Deep Q_learning - Tensorflow - Weights won't change

我正在尝试编写一个 DQL 算法,我正在尝试 运行 tensorflow 上的下图

class DQN:

def __init__(self, env, n_hidden, learning_rate):

    self.image_input = tf.placeholder(shape=[None, 128,128,3], dtype=tf.float32)
    self.conv1 = tf.contrib.layers.convolution2d(inputs=self.image_input, num_outputs=32, 
                                                 kernel_size=[8,8], stride=[4,4], padding="VALID")
    self.conv2 = tf.contrib.layers.convolution2d(inputs=self.conv1, num_outputs=64, 
                                                 kernel_size=[4,4], stride=[2,2], padding="VALID")
    self.conv3 = tf.contrib.layers.convolution2d(inputs=self.conv2, num_outputs=64, 
                                                 kernel_size=[3,3], stride=[1,1], padding="VALID")
    self.conv4 = tf.contrib.layers.convolution2d(inputs=self.conv3, num_outputs=512, 
                                                 kernel_size=[7,7], stride=[1,1], padding="VALID")

    self.conv_out = tf.contrib.layers.flatten(self.conv4)
    self.weights_1 = tf.Variable(tf.random_normal([18432, env.action_space.n], stddev=0.35), name="fully1_w")
    self.bias_1 = tf.Variable(tf.zeros(env.action_space.n), name="fully1_b")
    self.q_out = tf.add(tf.matmul(self.conv_out, self.weights_1), self.bias_1, name="q_out")
    self.predict = tf.argmax(self.q_out, 1)

    self.target_q = tf.placeholder(shape=[None],dtype=tf.float32)
    self.actions = tf.placeholder(shape=[None],dtype=tf.int32)
    self.actions_onehot = tf.one_hot(self.actions,env.action_space.n,dtype=tf.float32)
    self.q_value = tf.reduce_sum(tf.multiply(self.q_out, self.actions_onehot), reduction_indices=1)

    self.td_error = tf.square(self.target_q - self.q_value)
    self.loss = tf.reduce_mean(self.td_error)
    self.trainer = tf.train.GradientDescentOptimizer(learning_rate=learning_rate)
    self.grads_and_vars = self.trainer.compute_gradients(self.loss)
    self.trainer.apply_gradients(self.grads_and_vars)

这是训练过程:

tf.reset_default_graph()
main_qf = DQN(env, n_hidden=10, learning_rate=1.0)

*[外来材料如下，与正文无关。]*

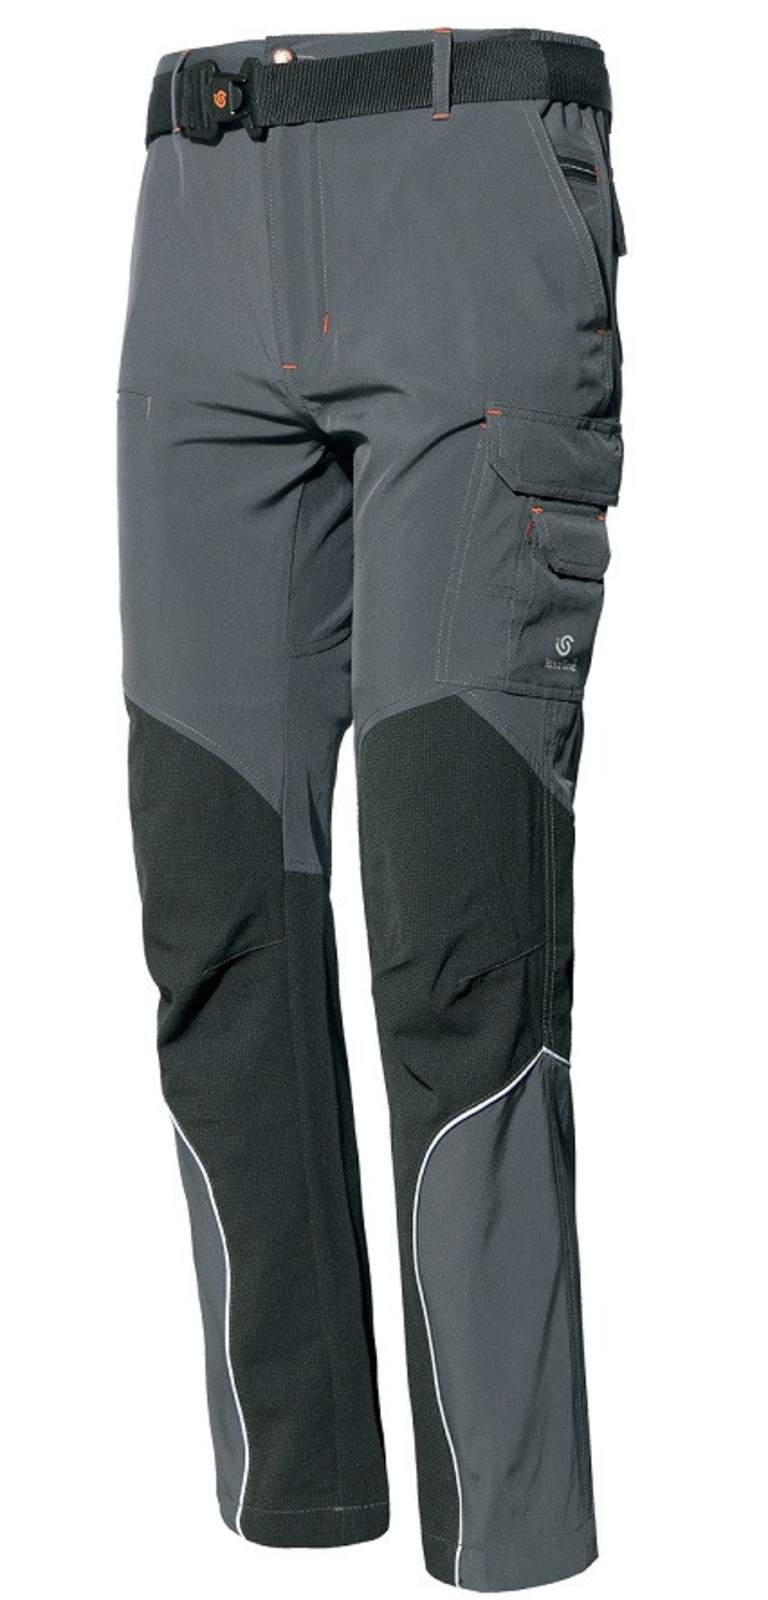 Tenké strečové softshellové nohavice ISSA Extreme Light - veľkosť: S, farba: sivá/čierna

init = tf.global_variables_initializer()
saver = tf.train.Saver()
trainables = tf.trainable_variables()

target_ops = update_target_graph(trainables,tau, mode="periodically")
grads=[]
experience_buffer = ExperienceReplay(exp_size)
total_rewards = np.zeros(num_episodes)
losses = np.zeros(num_episodes)

with tf.Session() as session:
state = env.reset()
session.run(init)
update_target(target_ops, session)

for _iter in range(num_episodes):
    state = env.reset()
    # play ===================================================================================
    done = False
    img = process_image(env.render(mode="rgb_array"))
    episode = []
    while not done:
        #e-greedy
        if np.random.rand() < epsilon:
            action = np.random.choice(range(env.action_space.n))
        else:
            feed_dict = {main_qf.image_input: img[None,:,:,:]}
            action = session.run(main_qf.predict, feed_dict=feed_dict)[0]

        new_state, reward, done, _ = env.step(action)
        new_img = process_image(env.render(mode="rgb_array"))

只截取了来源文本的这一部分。